WORK TO BE COMPLETED: The reply should be an exact repeat of the listing, with no pictures in it.

DATASET CONTENT:
──────
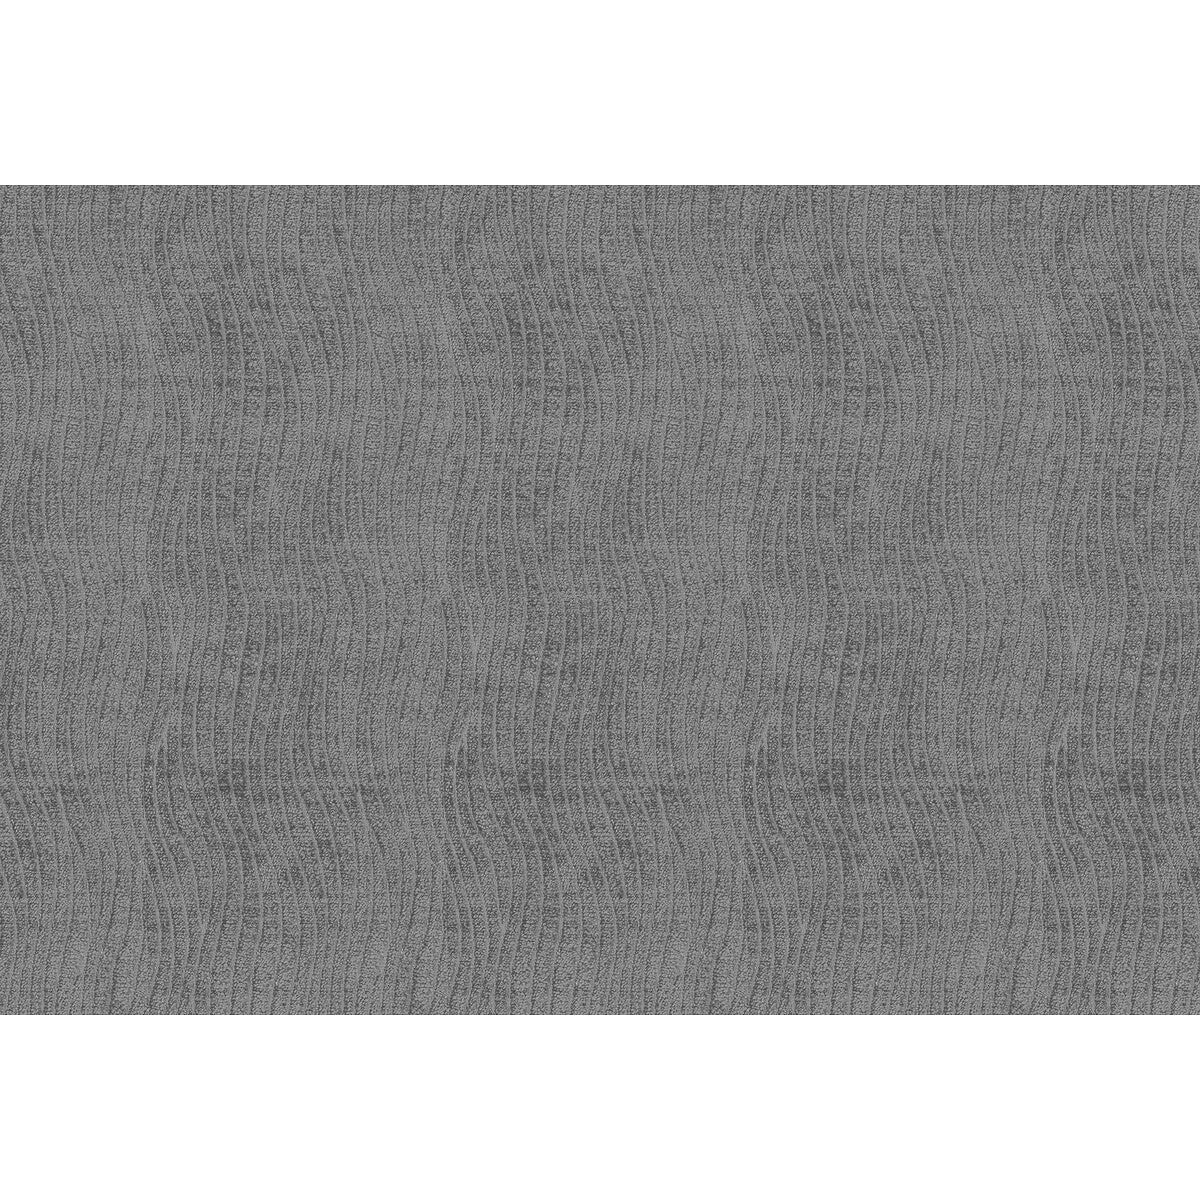 Kravet Smart fabric in 34296-11 color - pattern 34296.11.0 - by Kravet Smart
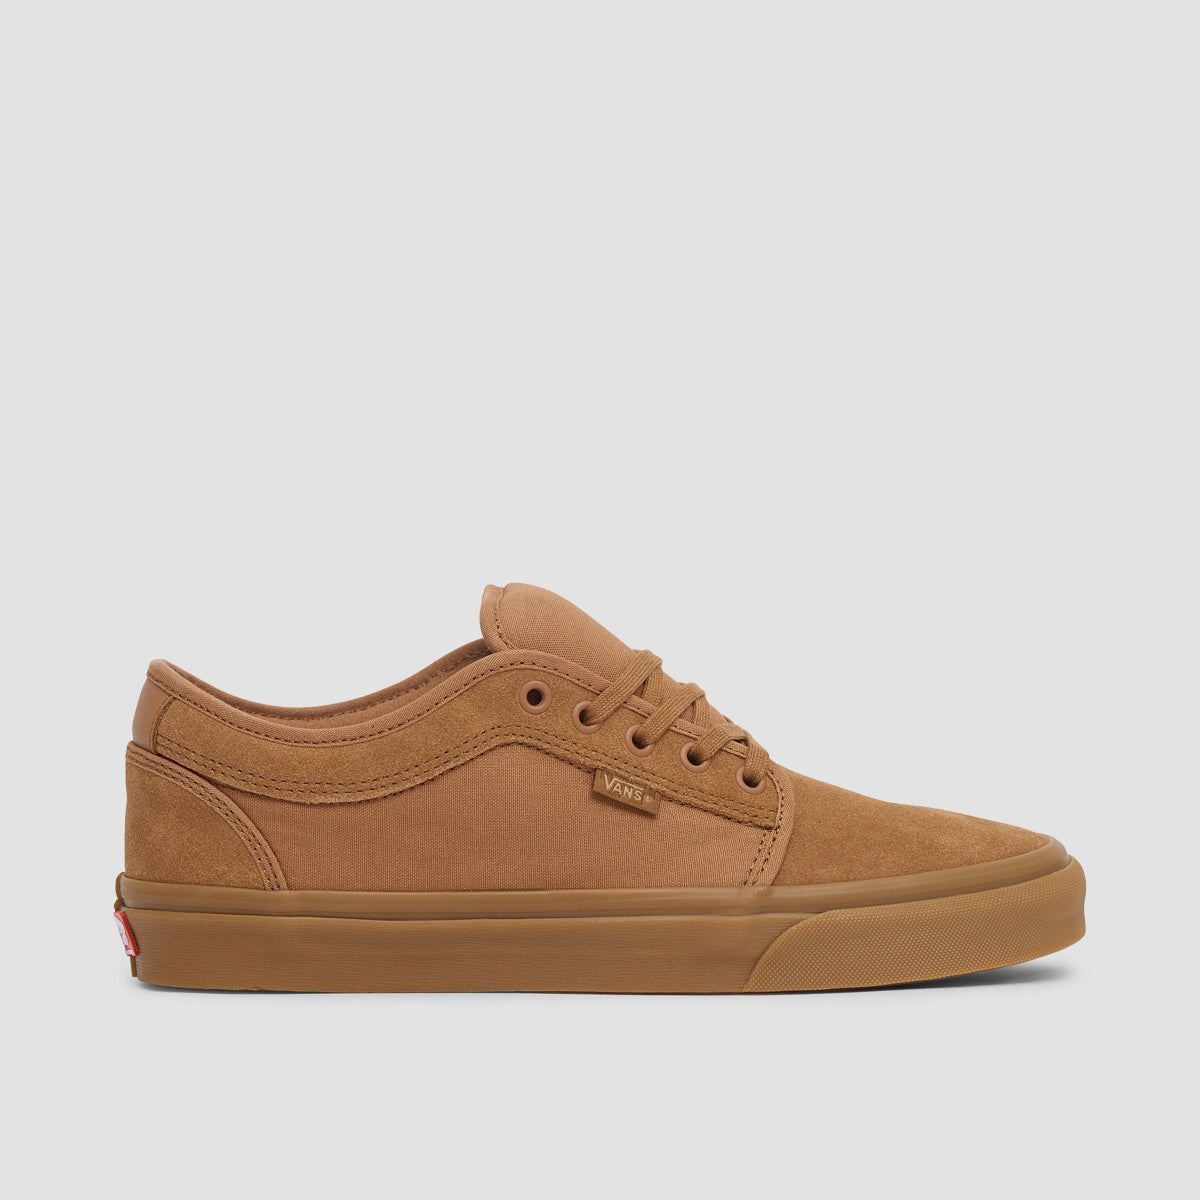 Vans Skate Chukka Low Shoes - Light Brown/Gum
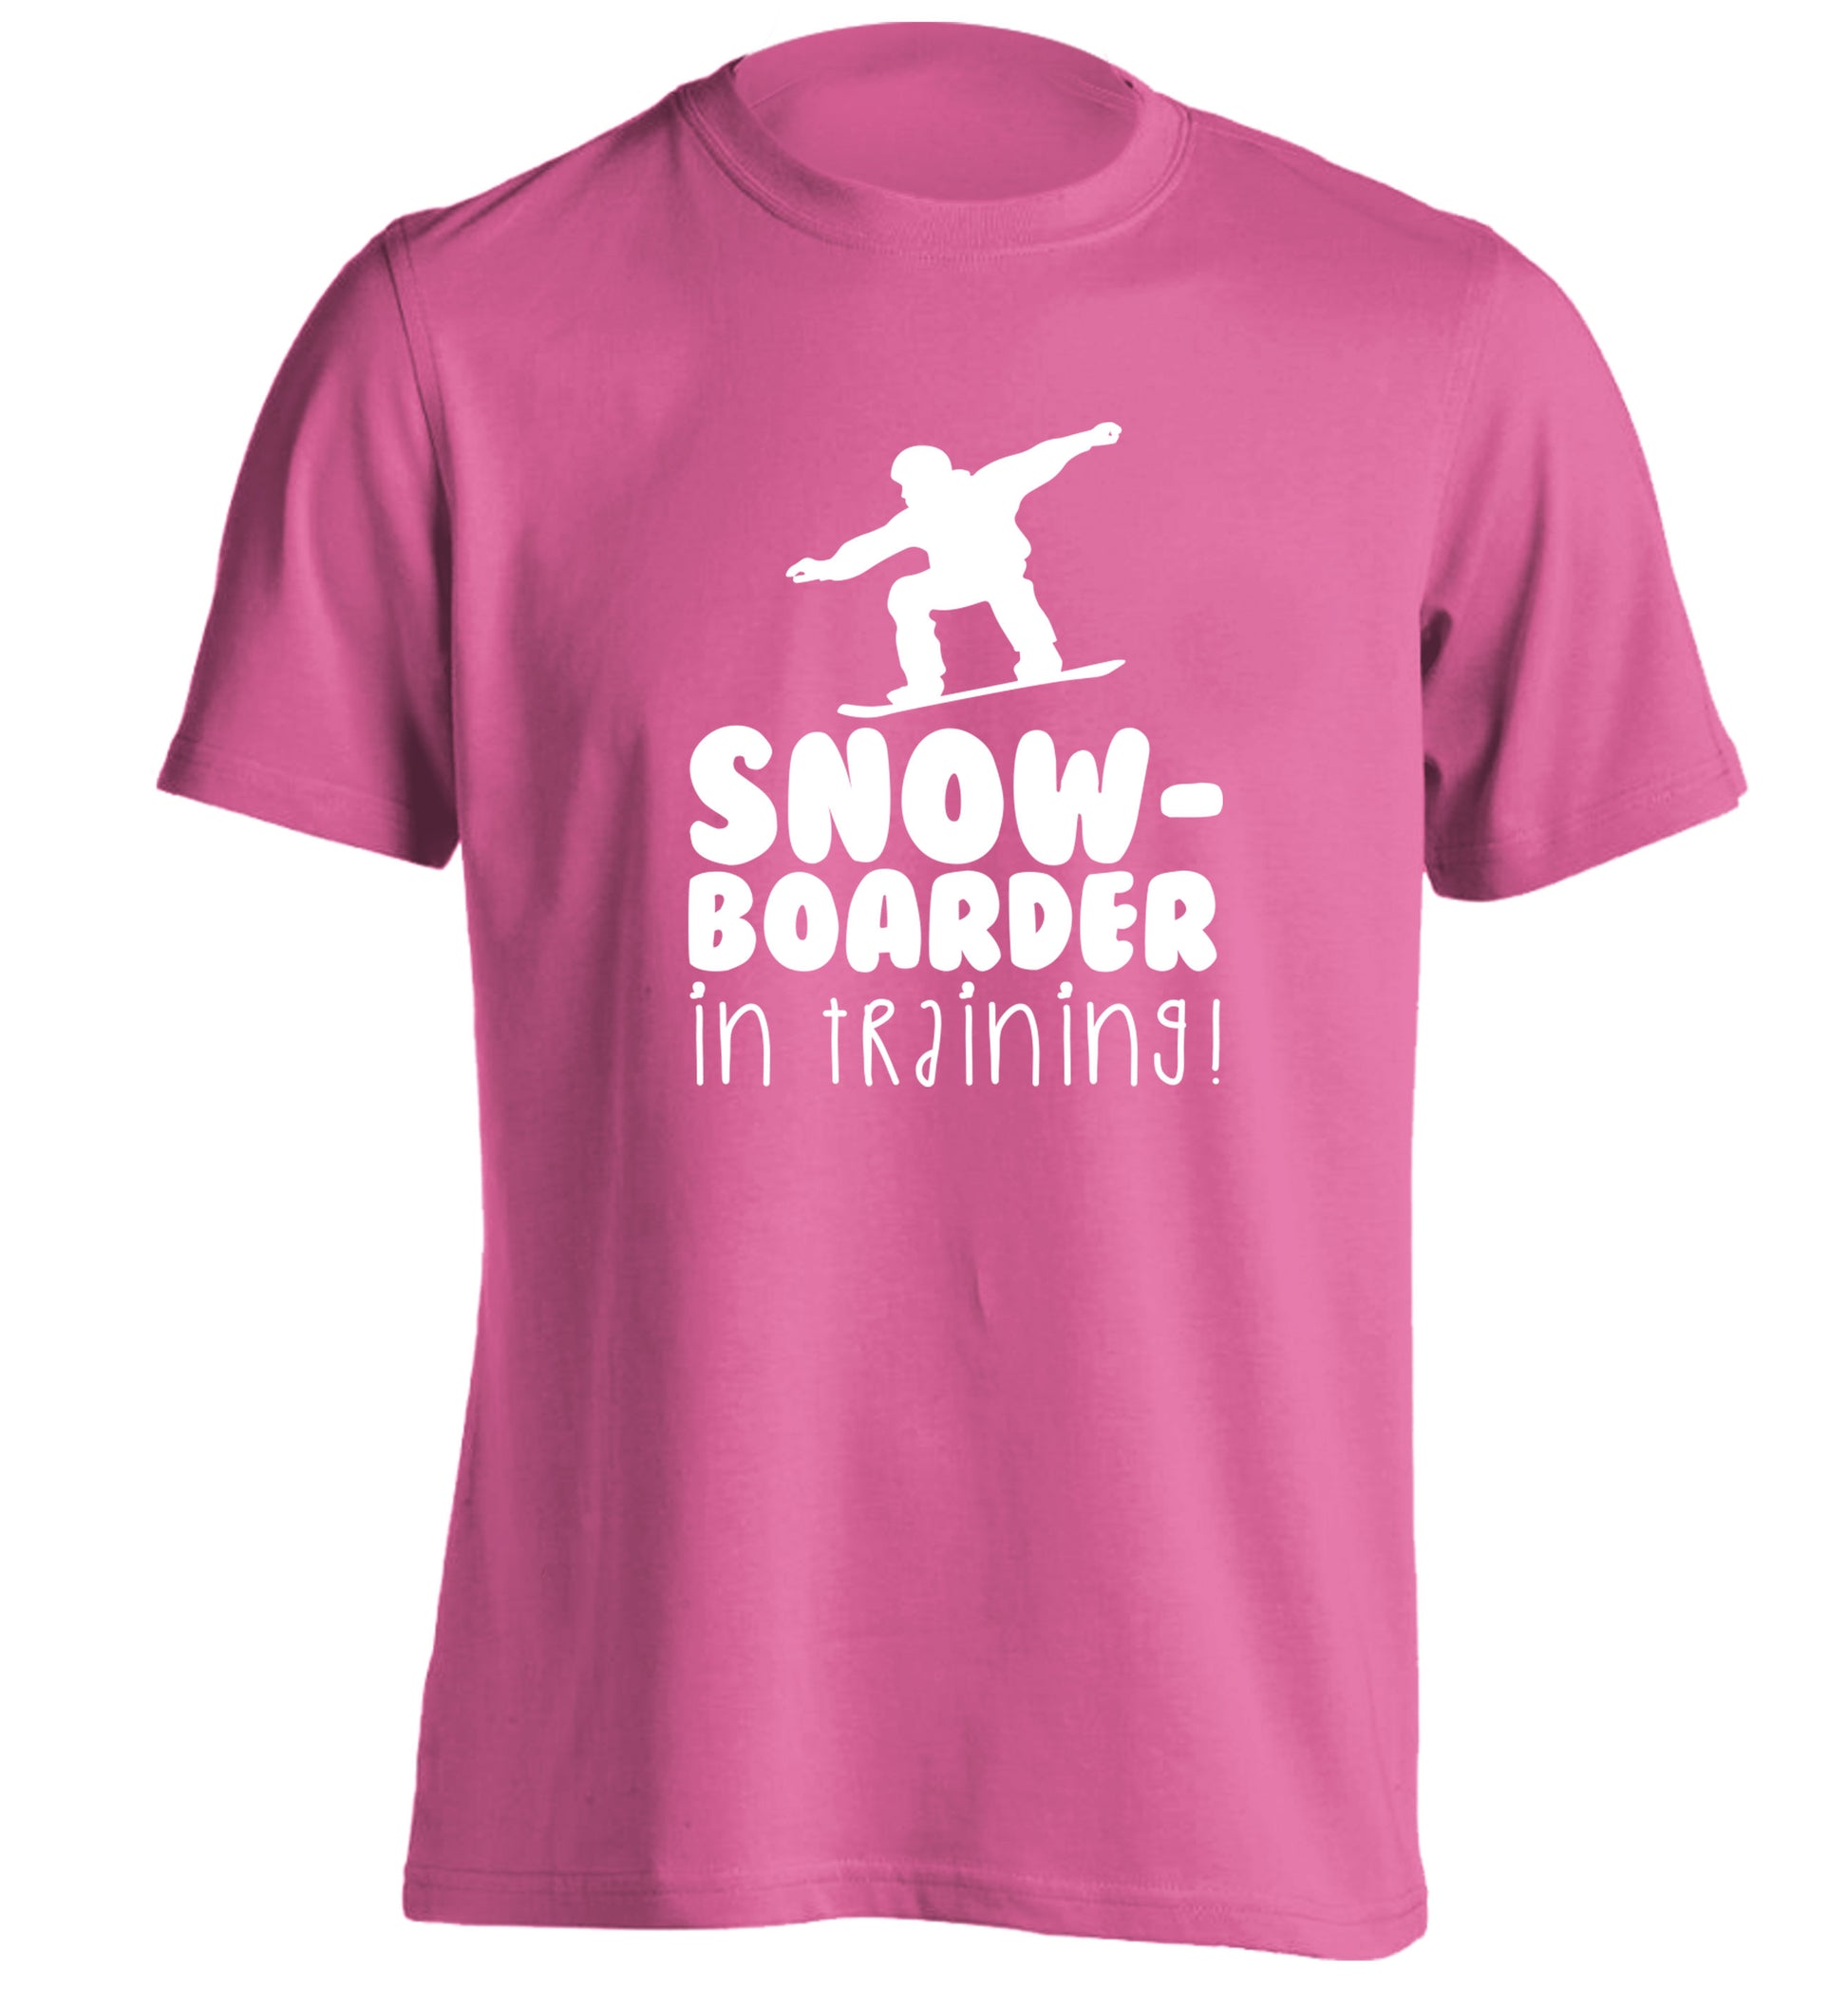 Snowboarder in training adults unisex pink Tshirt 2XL
──────
RESPONSE:
 Kravet Smart fabric in 34296-11 color - pattern 34296.11.0 - by Kravet Smart
 Vans Skate Chukka Low Shoes - Light Brown/Gum
 Snowboarder in training adults unisex pink Tshirt 2XL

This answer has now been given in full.